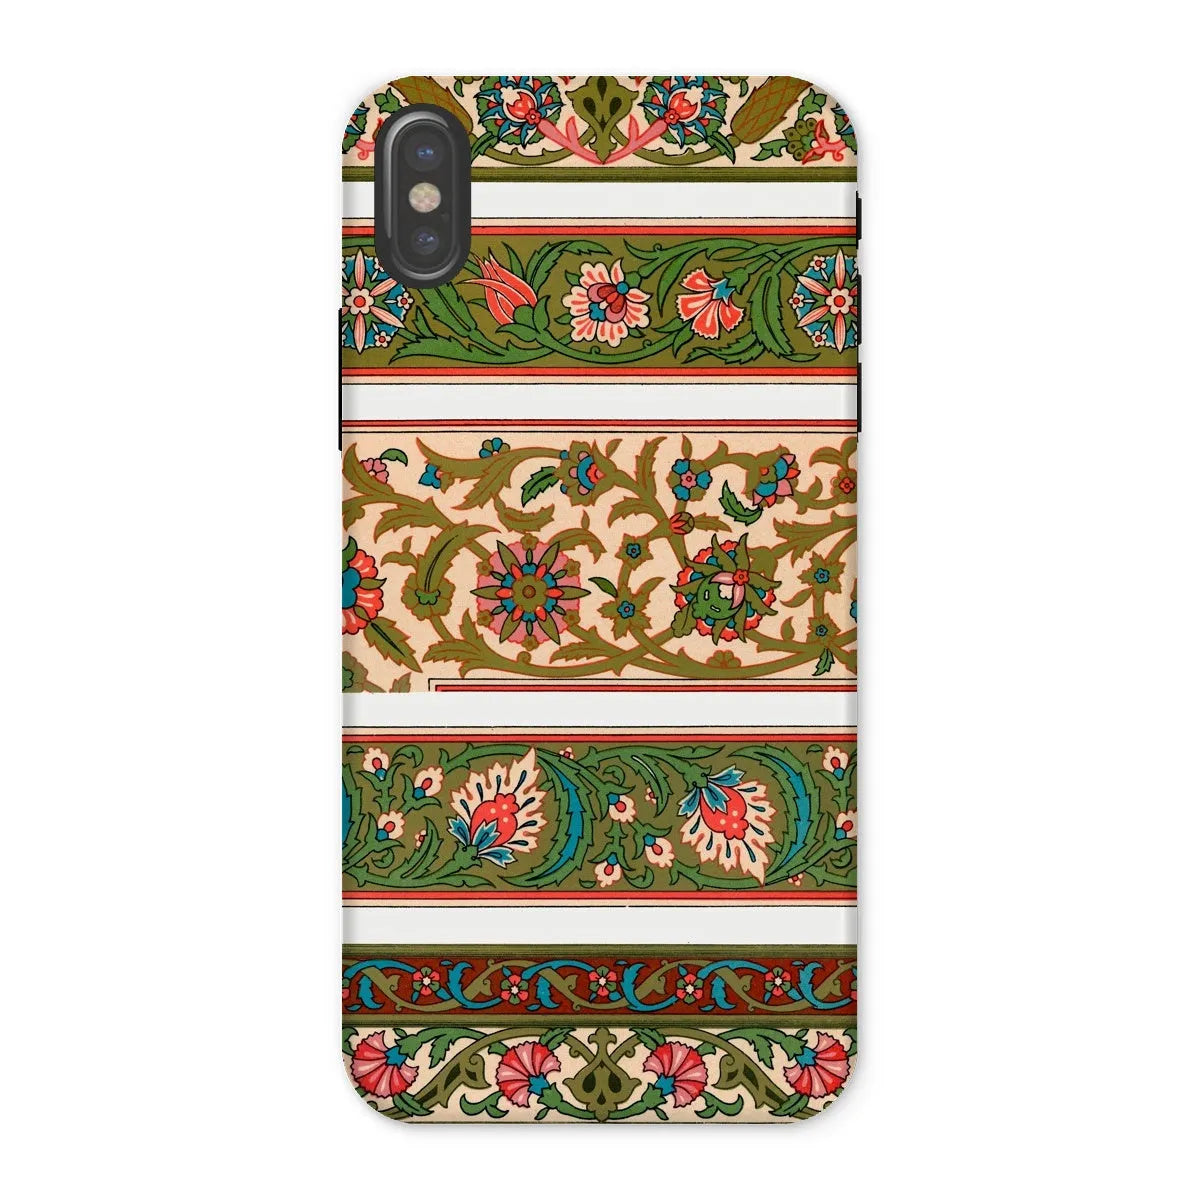 La Decoration Arabe 32 Art Phone Case - Emile Prisse D’avennes - Iphone x / Matte - Mobile Phone Cases - Aesthetic Art
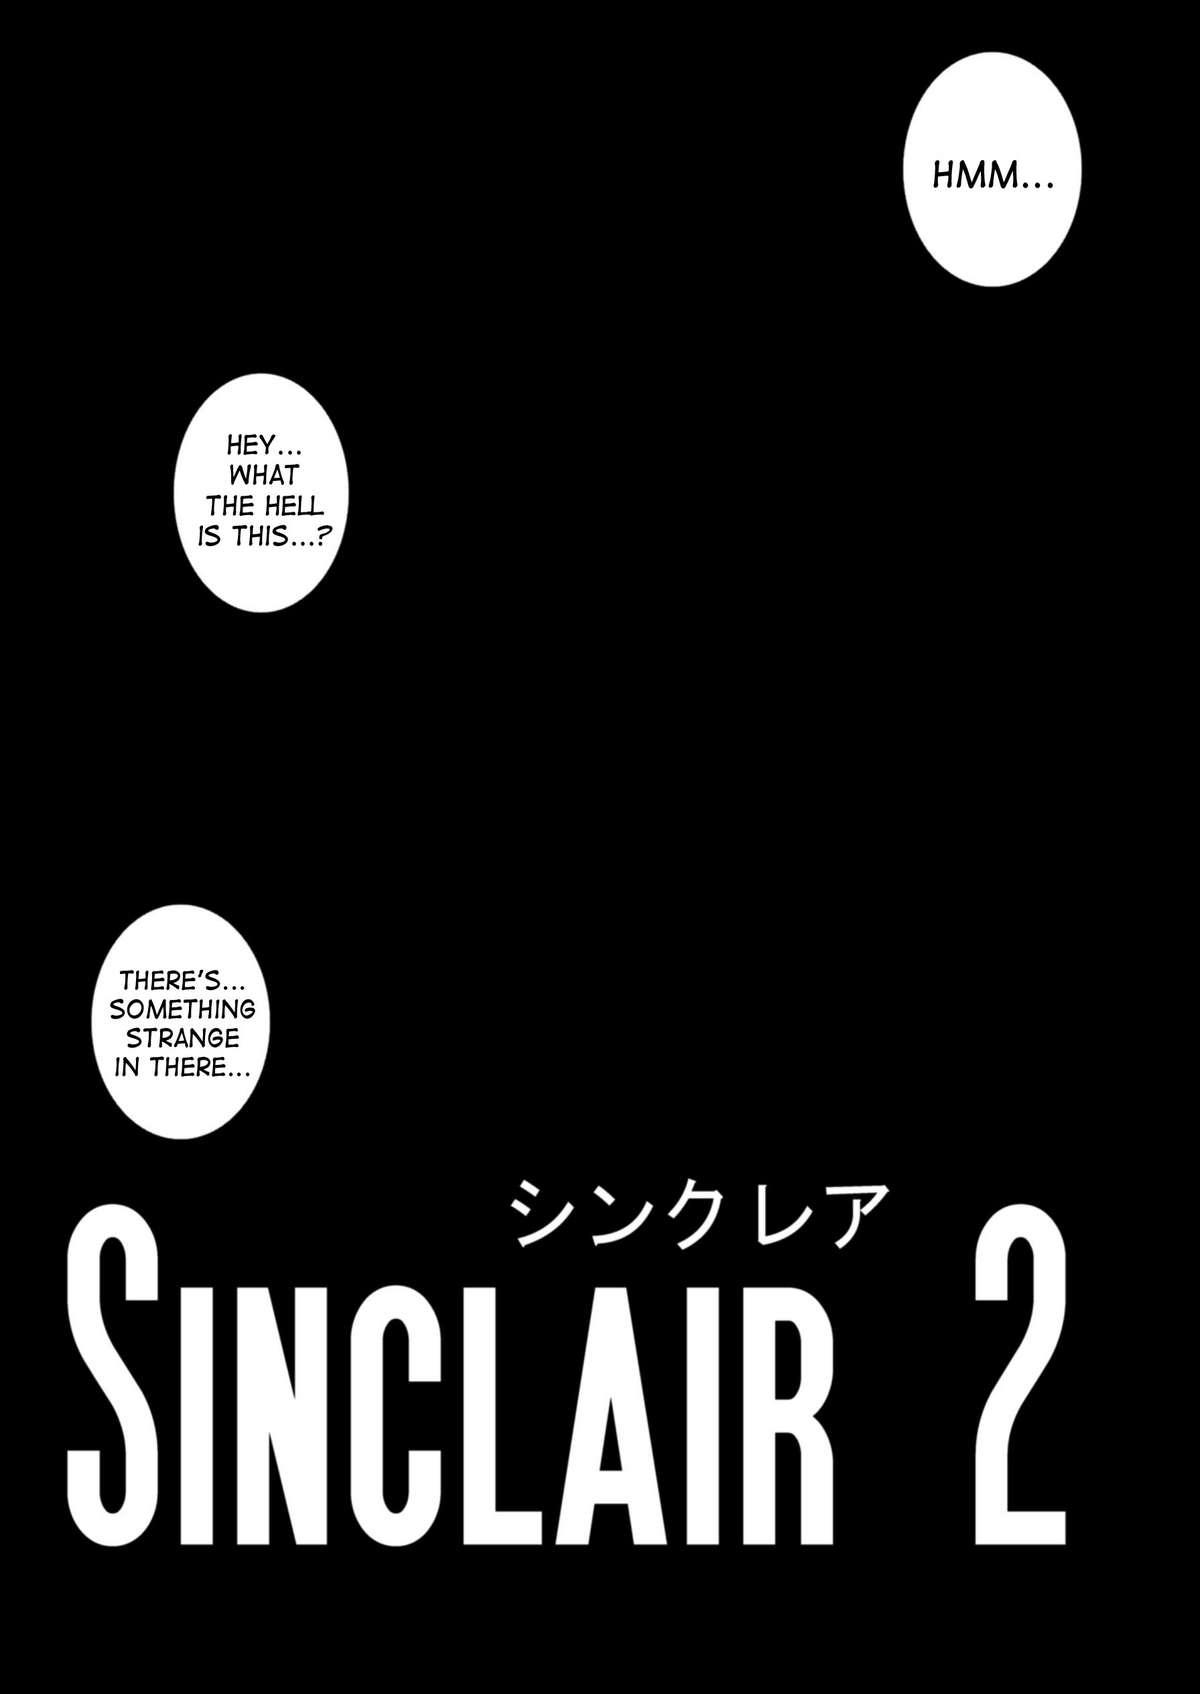 Sinclair 2 & Extra 3
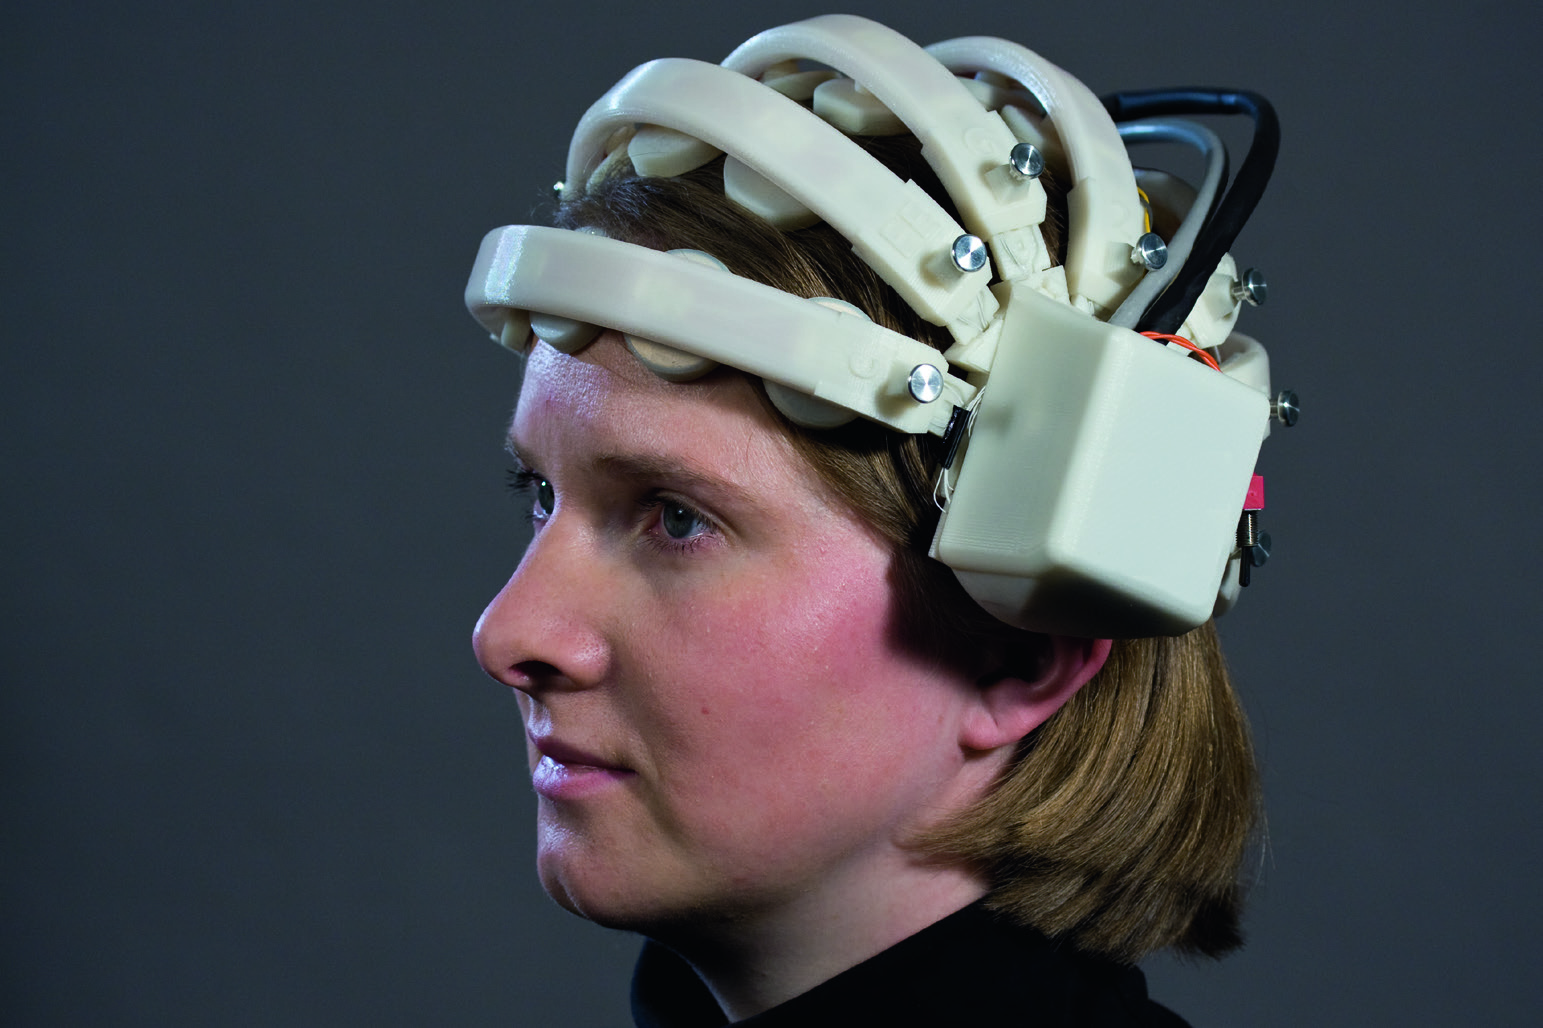 PRESSE MITTEILUNG Juni 2013 EEG leicht gemacht An der Technischen Universität Braunschweig wird ein leichter Elektroden-Helm gebaut und eingesetzt, der die Diagnostik durch mobile drahtlose
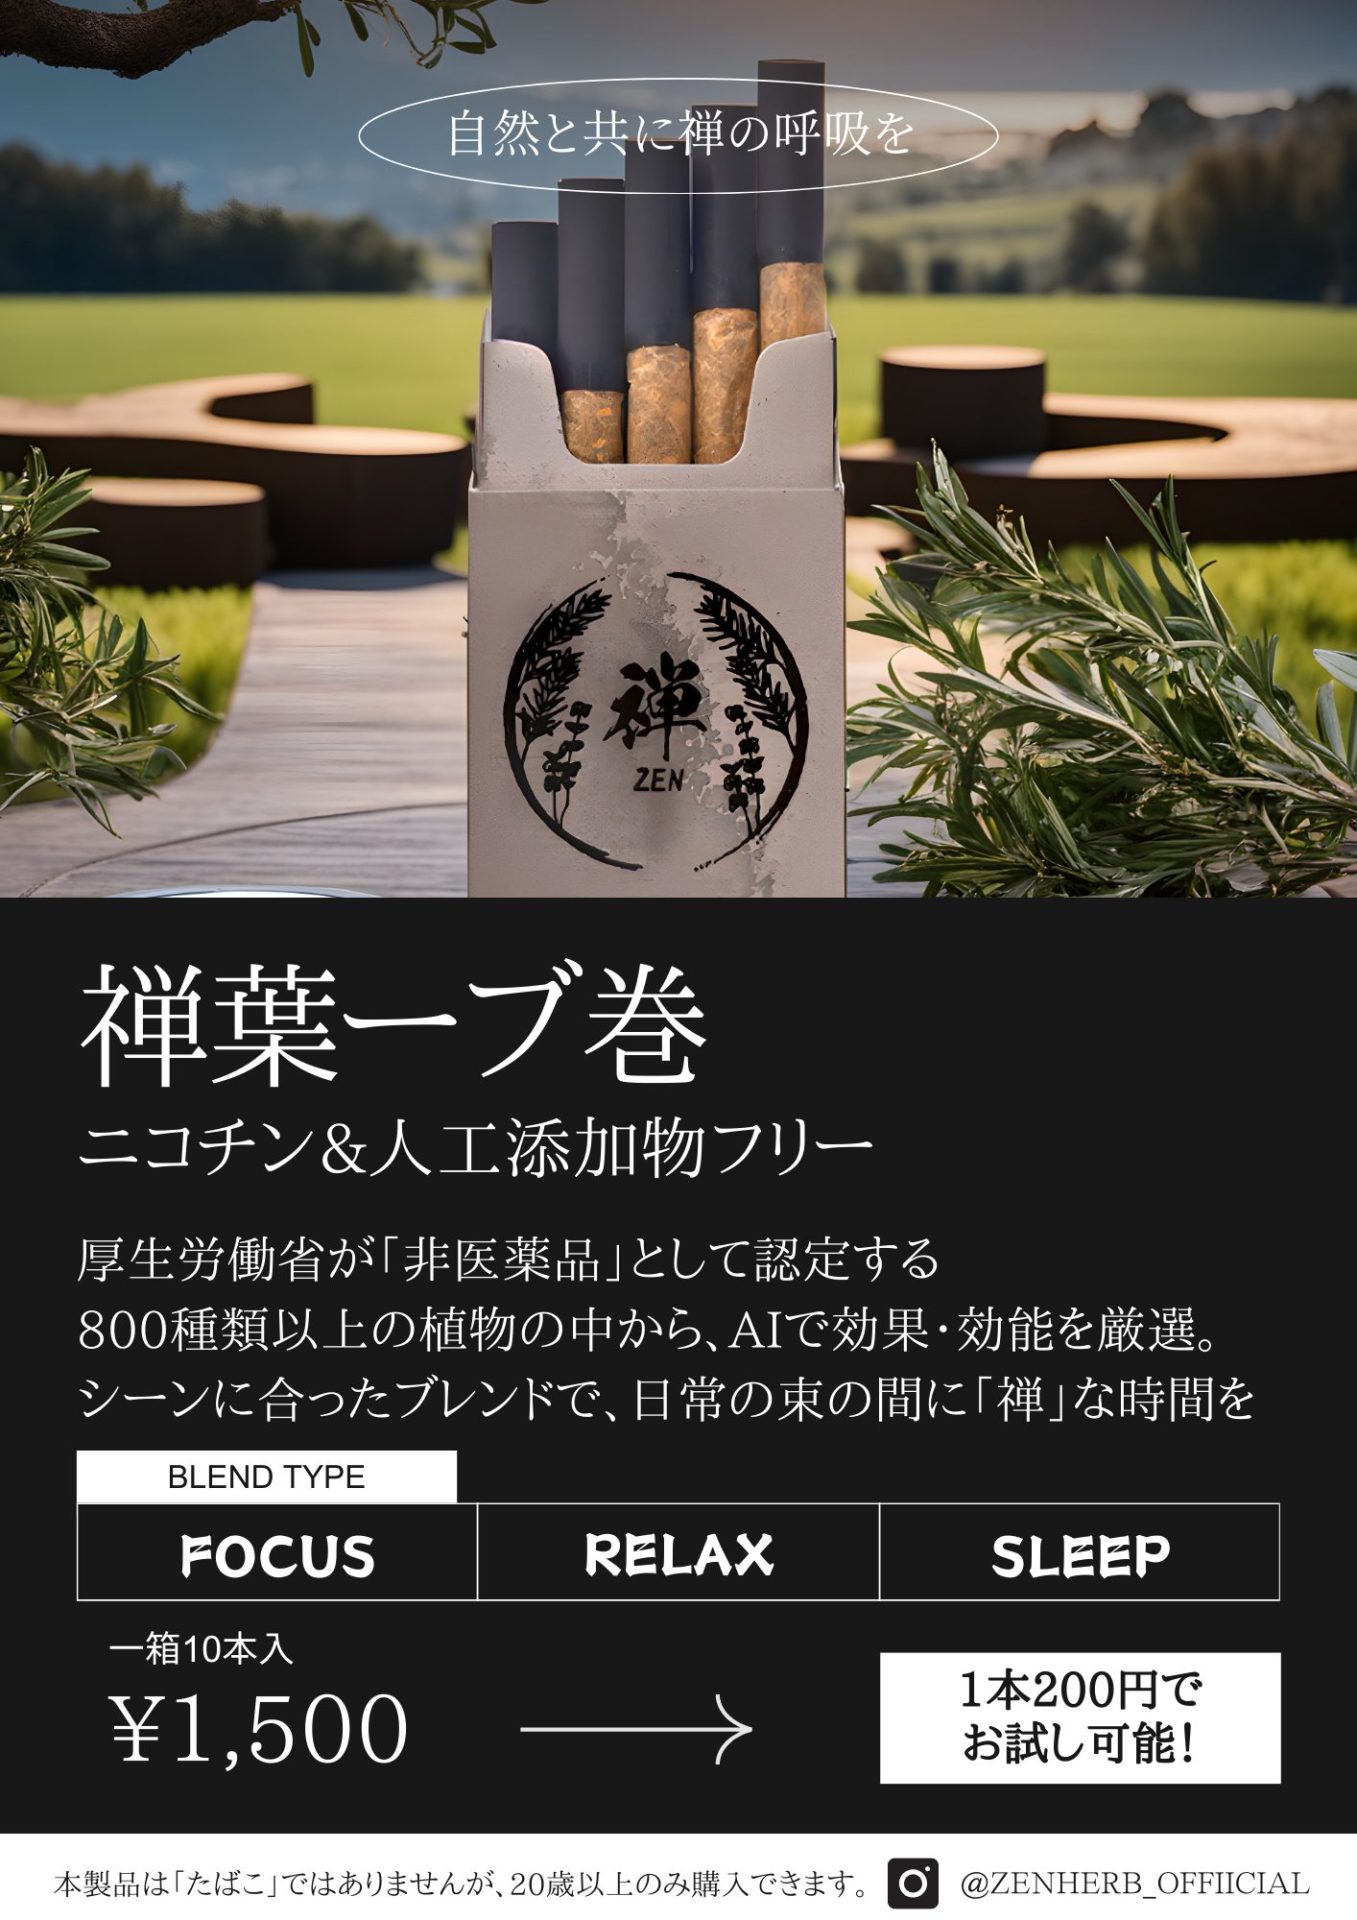 【平塚市】吸うハーブ巻「禅ハーブ」、初のコラボブレンドとなる「吸うビール」をリリース
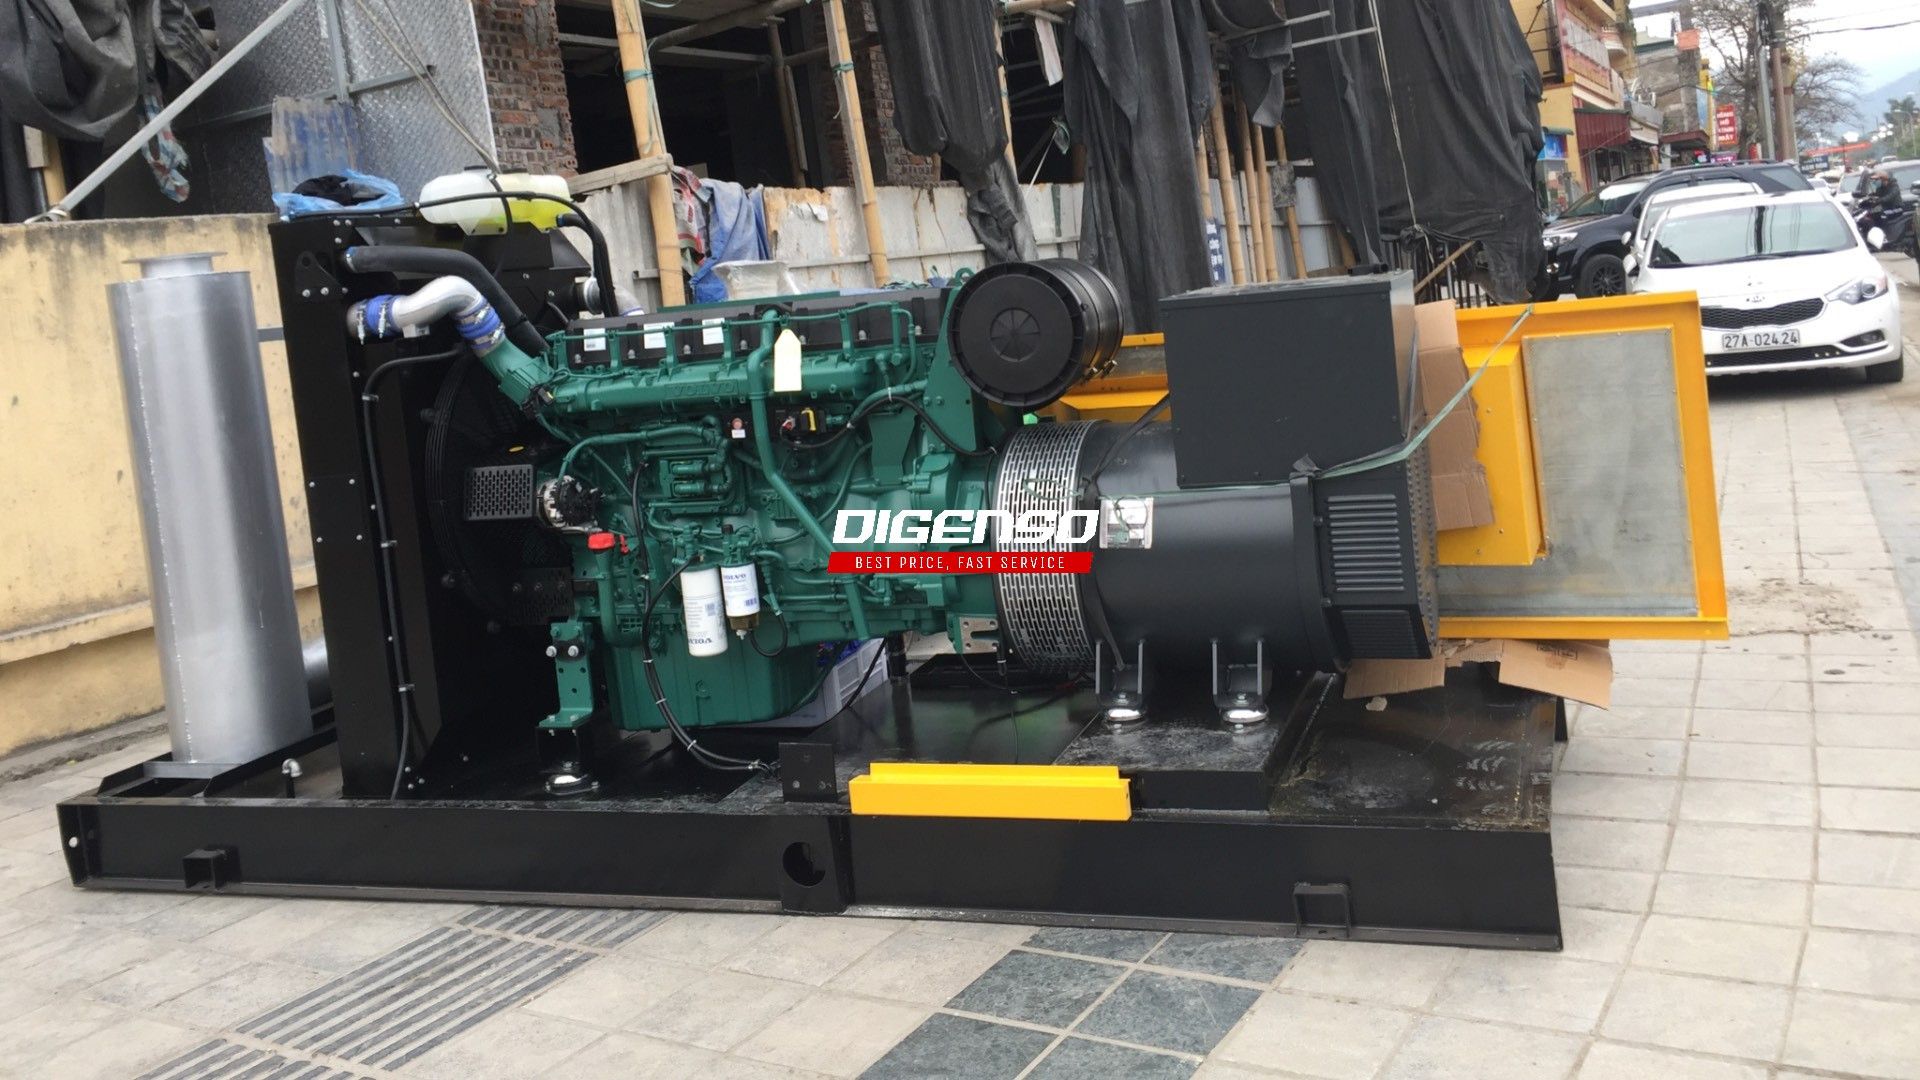 Genuine industrial diesel generators from G7

● **Instructions for the task**
Restate the data exactly, though only from the line that contains "Sinclair 2 & Extra 3" through its last line, both ends included and with the pictures left out.

● **Task solution**
 Sinclair 2 & Extra 3
 PRESSE MITTEILUNG Juni 2013 EEG leicht gemacht An der Technischen Universität Braunschweig wird ein leichter Elektroden-Helm gebaut und eingesetzt, der die Diagnostik durch mobile drahtlose
 【平塚市】吸うハーブ巻「禅ハーブ」、初のコラボブレンドとなる「吸うビール」をリリース
 Genuine industrial diesel generators from G7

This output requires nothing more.